It's the complete package: a chemical that can trigger the release of dark pigment in any type of skin tone - even in redheads - while also boosting the body's natural defences against skin cancer.
The new compound, which would work in conjunction with sunscreen, offers a temporary boost in melanin production - the pigment that gives human skin, hair, and eyes their colour.
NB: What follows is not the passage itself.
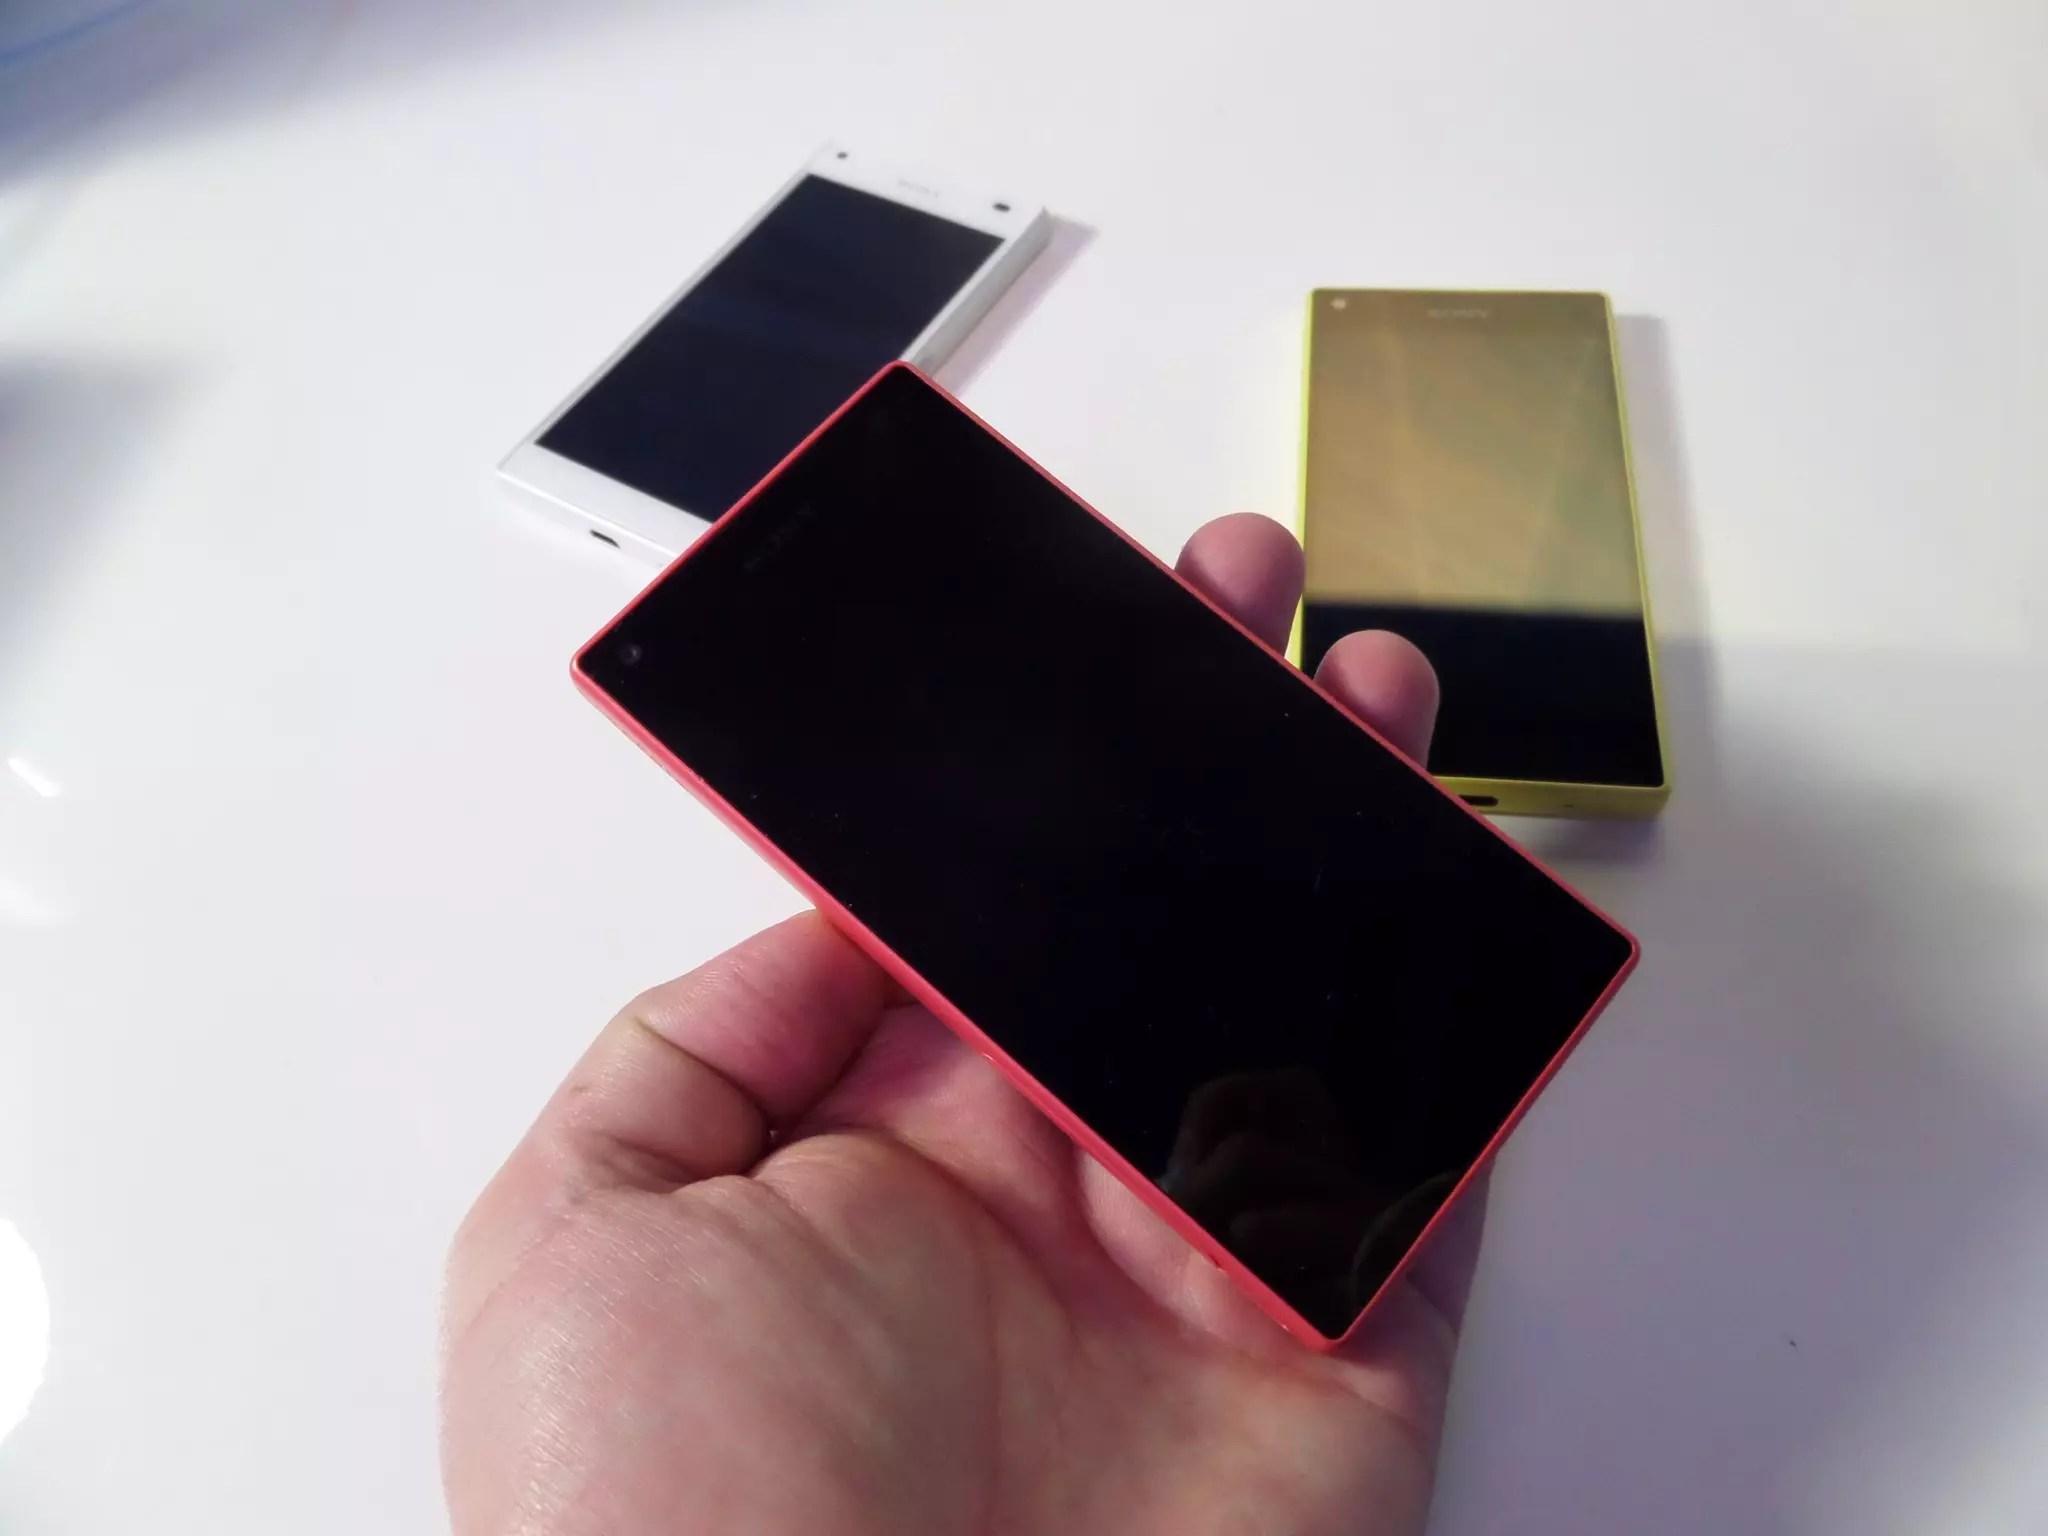 Sony Xperia Z5 Compact colores mano
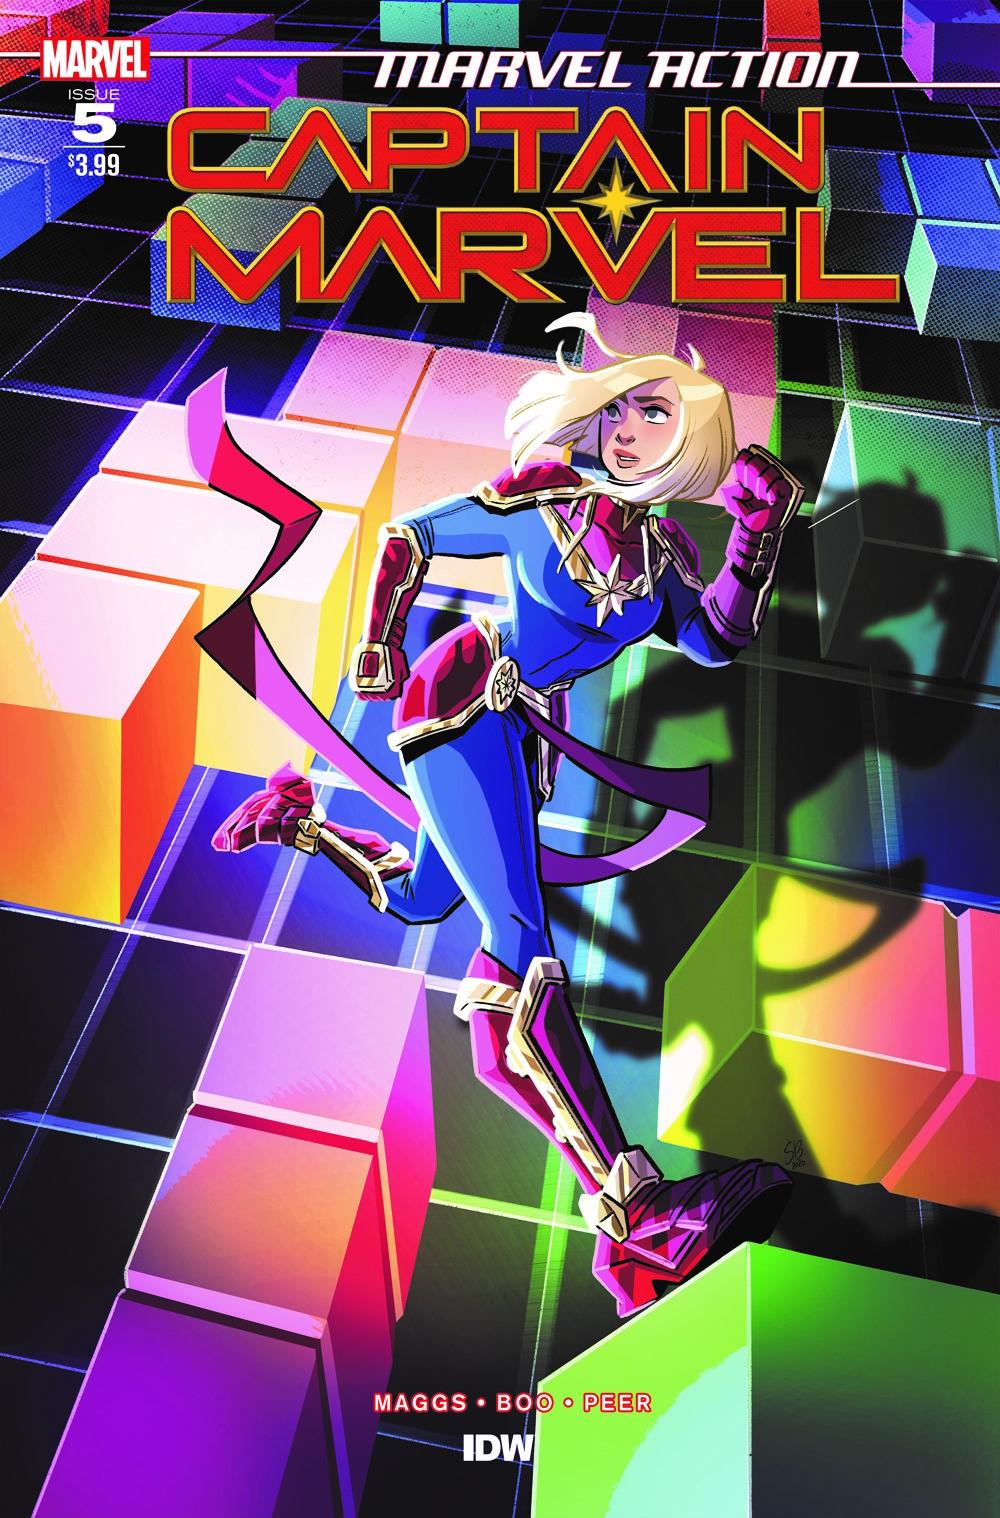 CaptainMarvel_Acvr_05 ComicList Previews: MARVEL ACTION CAPTAIN MARVEL VOLUME 2 #5

If it proves effective in human trials, it could see the end of bad fake tans, and give fair-skinned people better protection when out in the elements.
"It would not actually be a fake tan, it would be the real thing," one of the team, David Fisher from the Massachusetts General Hospital and Harvard University, told The Guardian. "It would just be sunless."
Back in 2006, Fisher and his colleagues discovered that a plant extract called forskolin could produce a cancer-protecting tan in red-haired mice, without being triggered by harmful UV radiation (sunlight).
That was a pretty big deal, because when your red-headed friend complains about going from pale to a straight-up burn when they hit the beach - with no tan in between - they're not just overreacting.
Redheads contain a variant of the MC1R gene, which not only imparts red hair and fair skin, but also messes with a receptor molecule that sits on the surface of skin cells called melanocytes.
In non-redheads, this receptor works with the melanocytes to produce dark melanin pigments on the skin in response to UV radiation, but by some cruel twist of fate, the redhead variant doesn't do this, so the skin tends to burn.
When the researchers applied forskolin to the skin of mice that had been genetically engineered to have fair skin and rust-coloured fur - an analogue for red-haired people - it stimulated the production of melanin.
Here's a comparison, where a high dosage of forskolin gave the red-haired mice temporary black skin:
The treated mice were exposed to UV rays, and when compared to untreated red-haired mice, they experienced less sunburn and DNA damage, and were less likely to develop skin cancer tumours.
This is because dark melanin pigment is able to disperse more than 99.9 percent of harmful UV rays absorbed by the skin, so the more you have of it, the better protected your cells are.
But there was one problem. The compound didn't work on humans - our skin is five times thicker than mouse skin, and far better at keeping foreign chemicals out.
Now, a decade later, the researchers have come up with a solution that they think will actually work on us - a different class of compounds that can not only boost the pigmentation process, but also squeeze through the outer layers of our epidermis.
These tiny molecules work by inhibiting SIK (Salt Inducible Kinase) enzymes in the skin, which is like a 'master off switch' for melanin production.
When a strong dose of the compound was tested in red-haired mice, it turned them black within a couple of days, just like the forskolin.
When tested on donated human skin samples, the tanning response could be adjusted based on dosage and frequency of use, and could last for several days without reapplication.
Once application ceased, the colour faded back to normal within about two weeks as new skin replaced the old, tanned cells.
So, when can we have it?
Unfortunately, we'll have to wait some time before we know that this compound can be turned into a marketable product - while the results have been very positive on human skin samples in the lab, we'll need to see them replicated in human trials to ensure that it's safe and effective.
But if it lives up to its promise, this compound would do more than just bankrupt the fake tan industry - when used in conjunction with sunscreen, it could help cut the rate of skin cancer, which is currently the most common cancer in the US, affecting one in five Americans over their lifetime.
We can't wait to see where this research goes next.
The study has been published in Cell.